### To do
In the data below, set down exactly the lines from the one containing "Fried crispy garlic" up to and including the one containing "Representative-elect Dan Crenshaw". Leave the pictures out.

### Task inputs
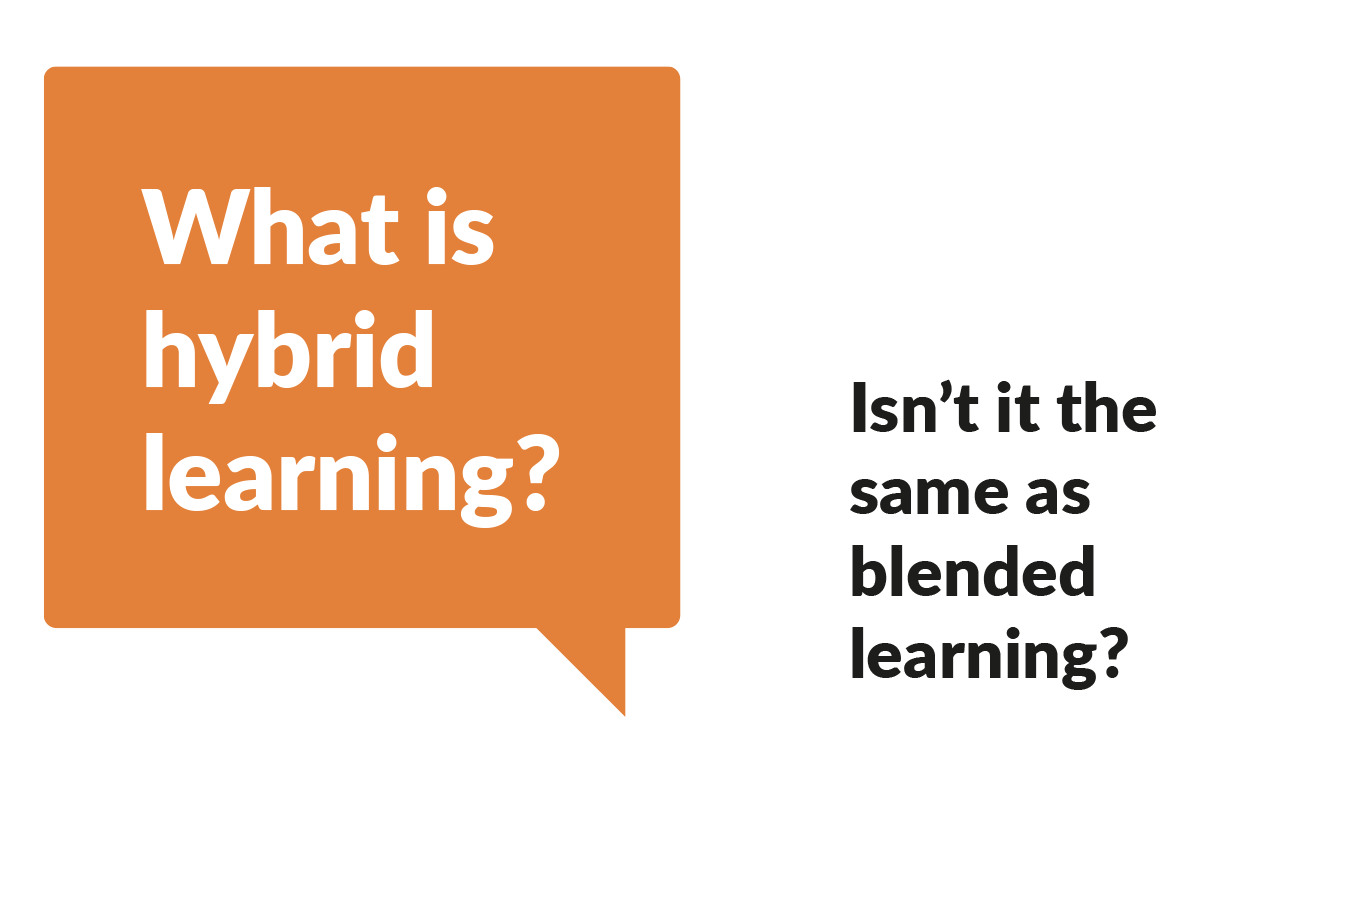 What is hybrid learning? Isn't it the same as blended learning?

* * *

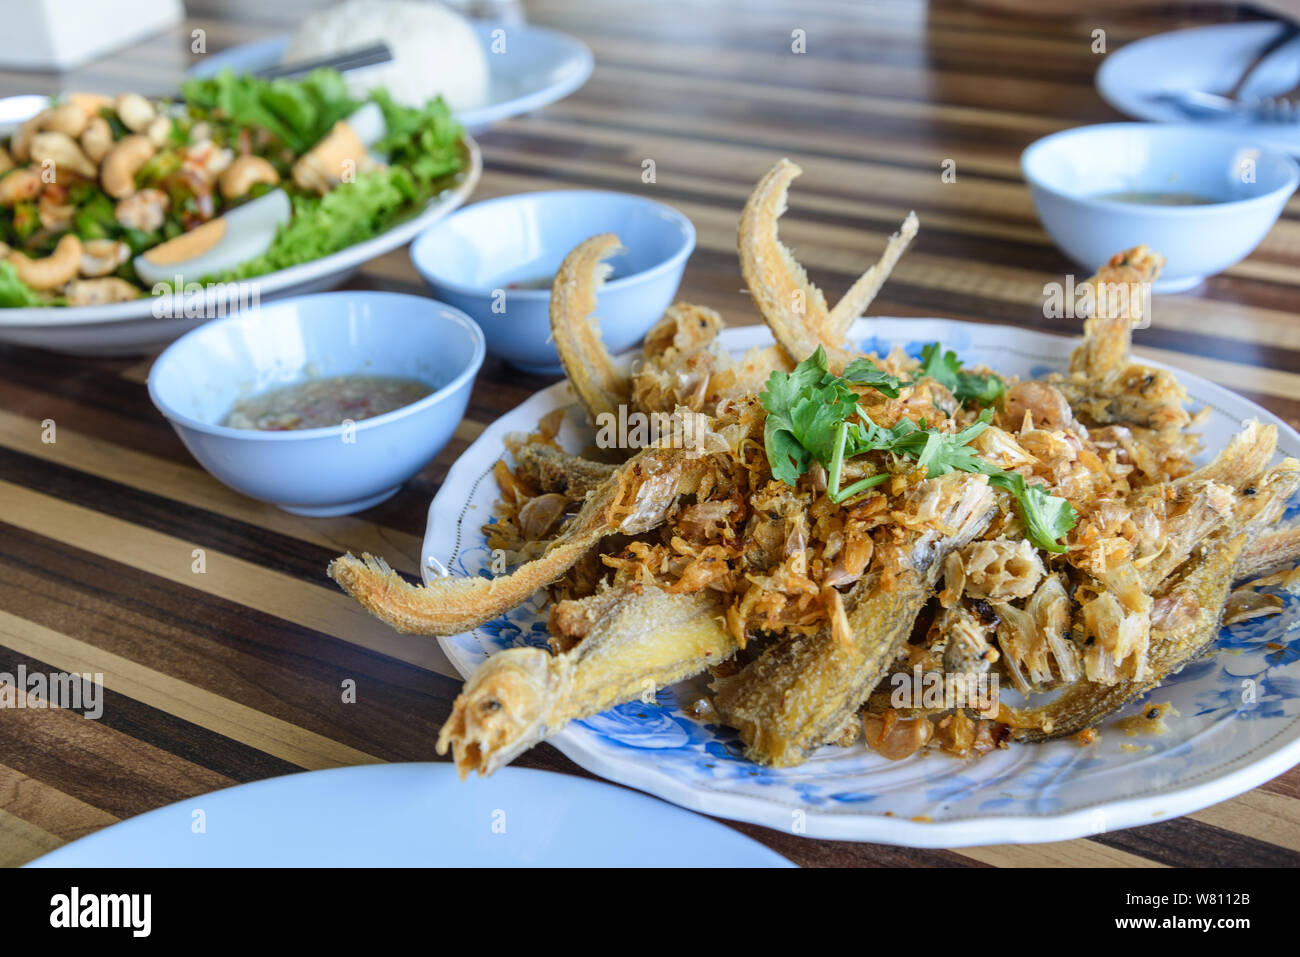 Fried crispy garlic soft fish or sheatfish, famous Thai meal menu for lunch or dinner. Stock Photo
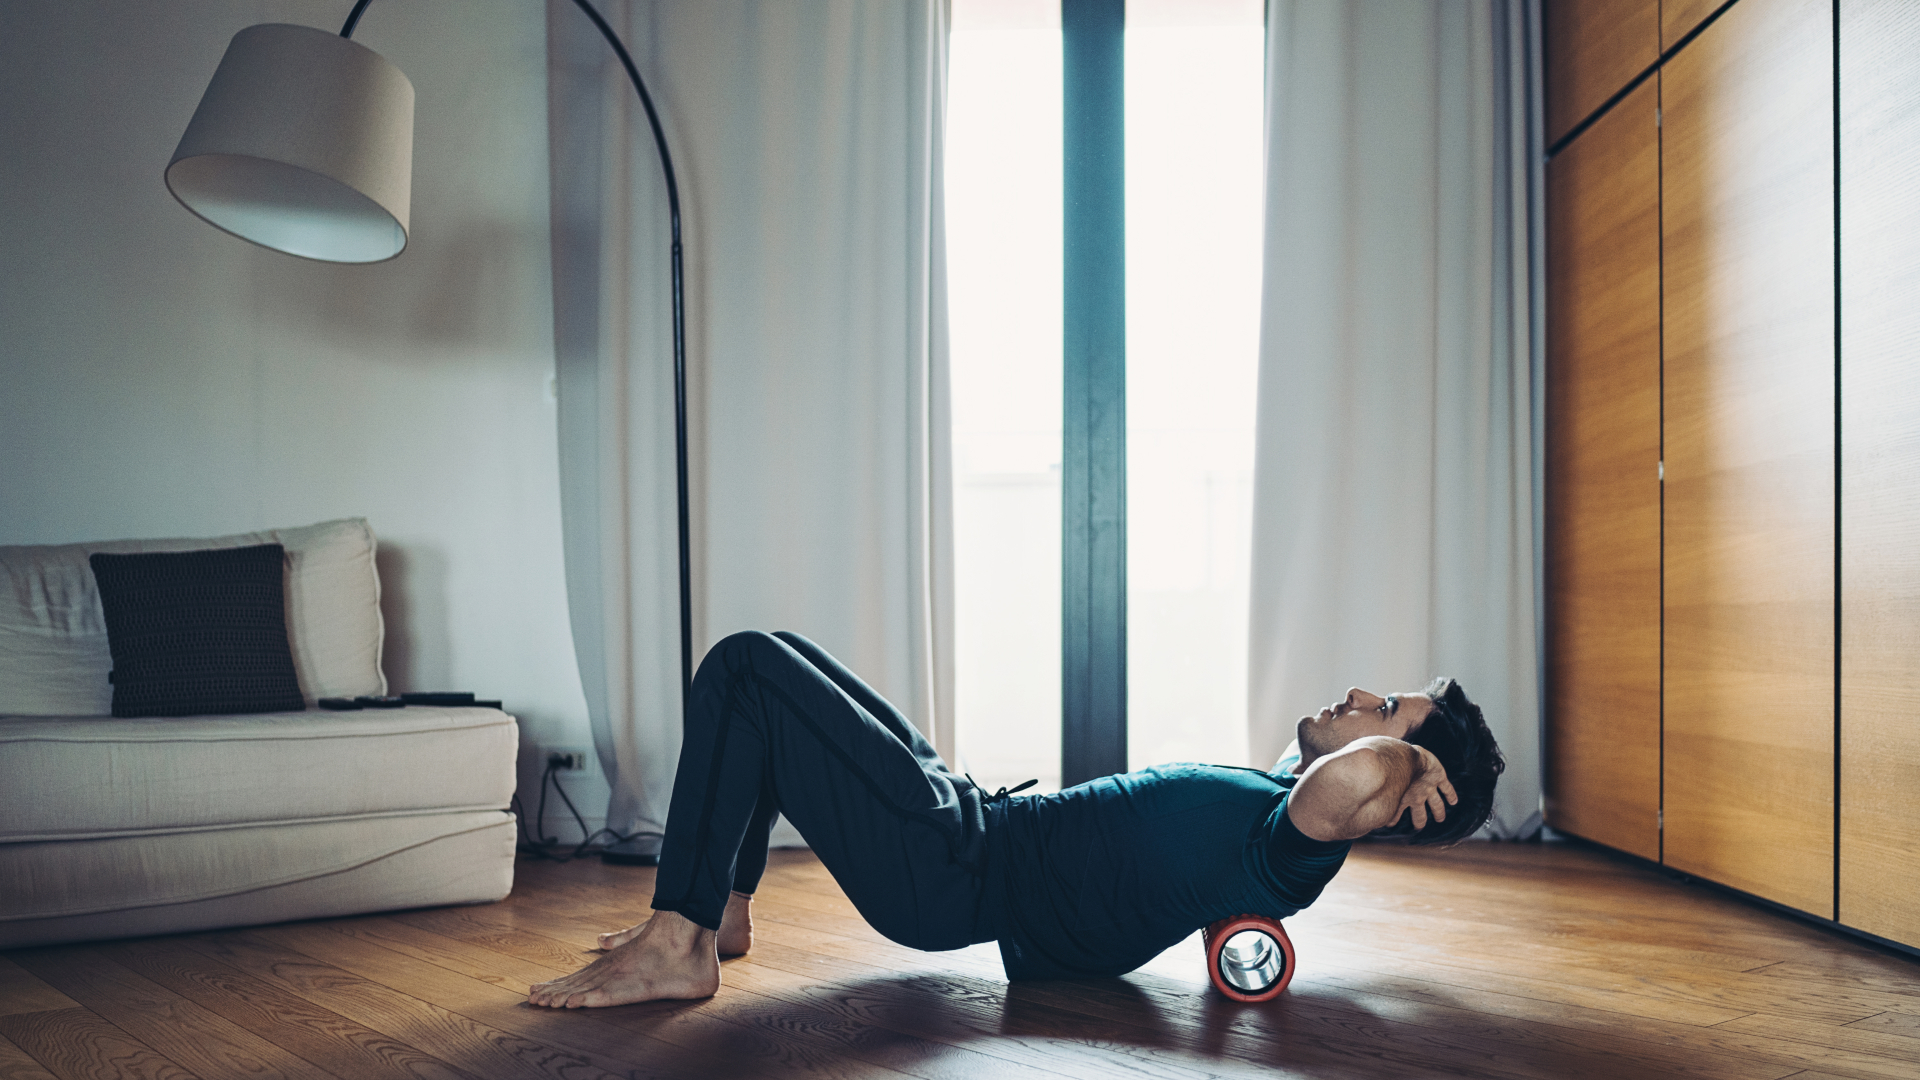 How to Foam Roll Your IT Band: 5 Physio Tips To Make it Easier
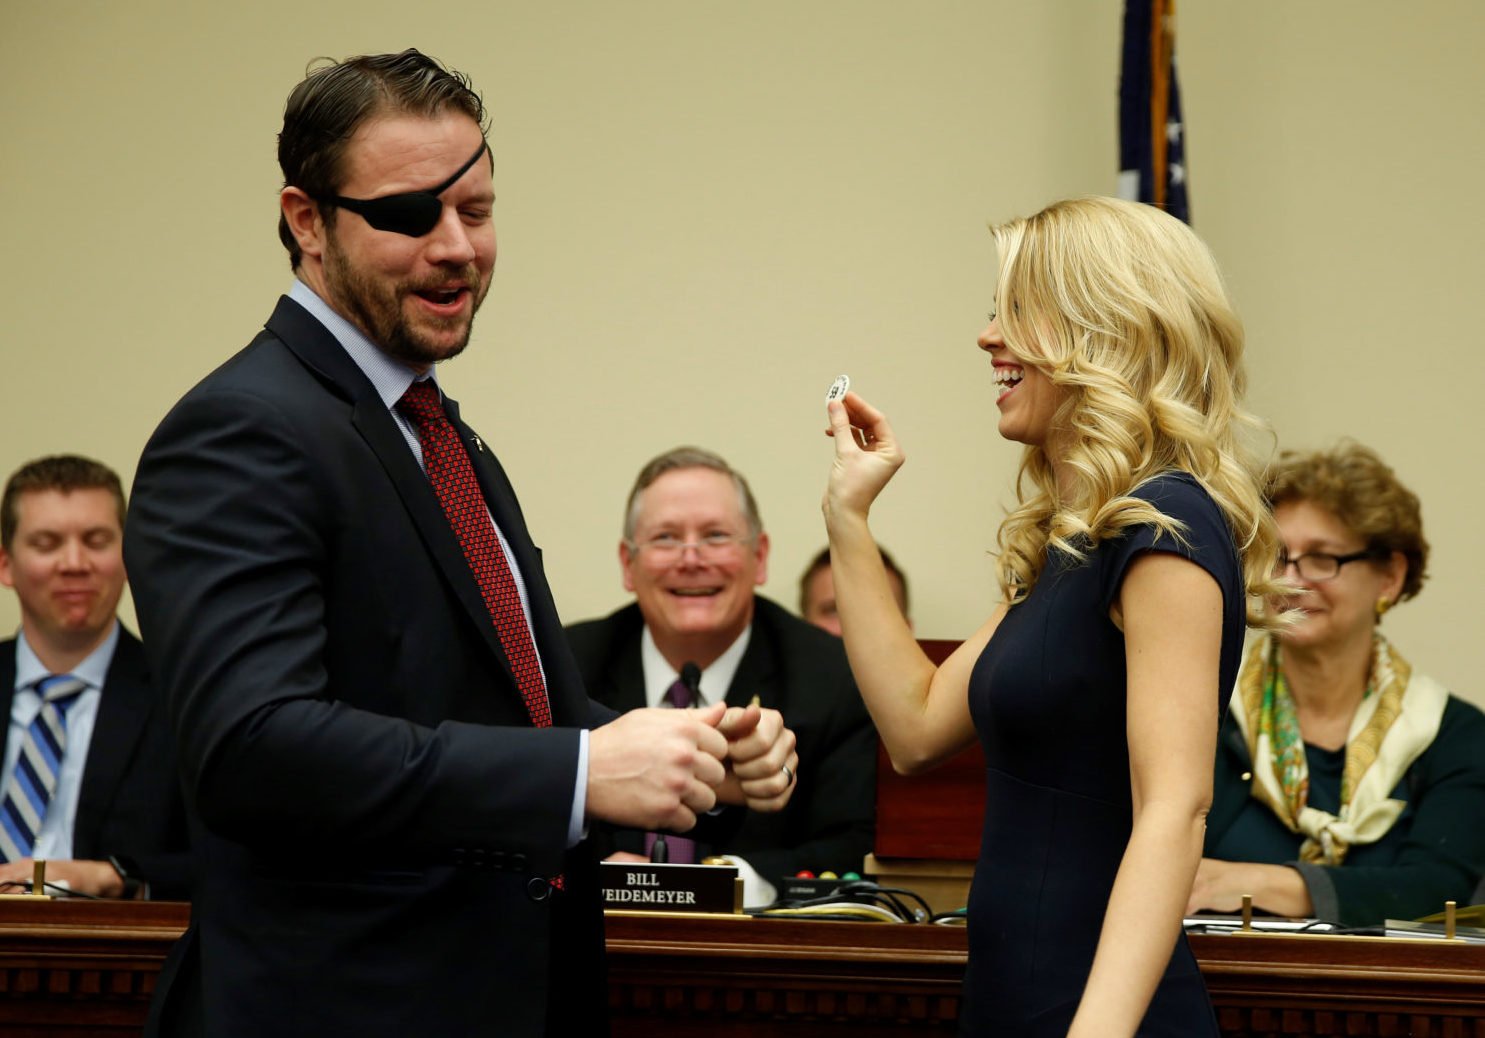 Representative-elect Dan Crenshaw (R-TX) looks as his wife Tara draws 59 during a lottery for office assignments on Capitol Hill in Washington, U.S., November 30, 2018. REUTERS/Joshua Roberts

### Result for this task
 Fried crispy garlic soft fish or sheatfish, famous Thai meal menu for lunch or dinner. Stock Photo
 How to Foam Roll Your IT Band: 5 Physio Tips To Make it Easier
 Representative-elect Dan Crenshaw (R-TX) looks as his wife Tara draws 59 during a lottery for office assignments on Capitol Hill in Washington, U.S., November 30, 2018. REUTERS/Joshua Roberts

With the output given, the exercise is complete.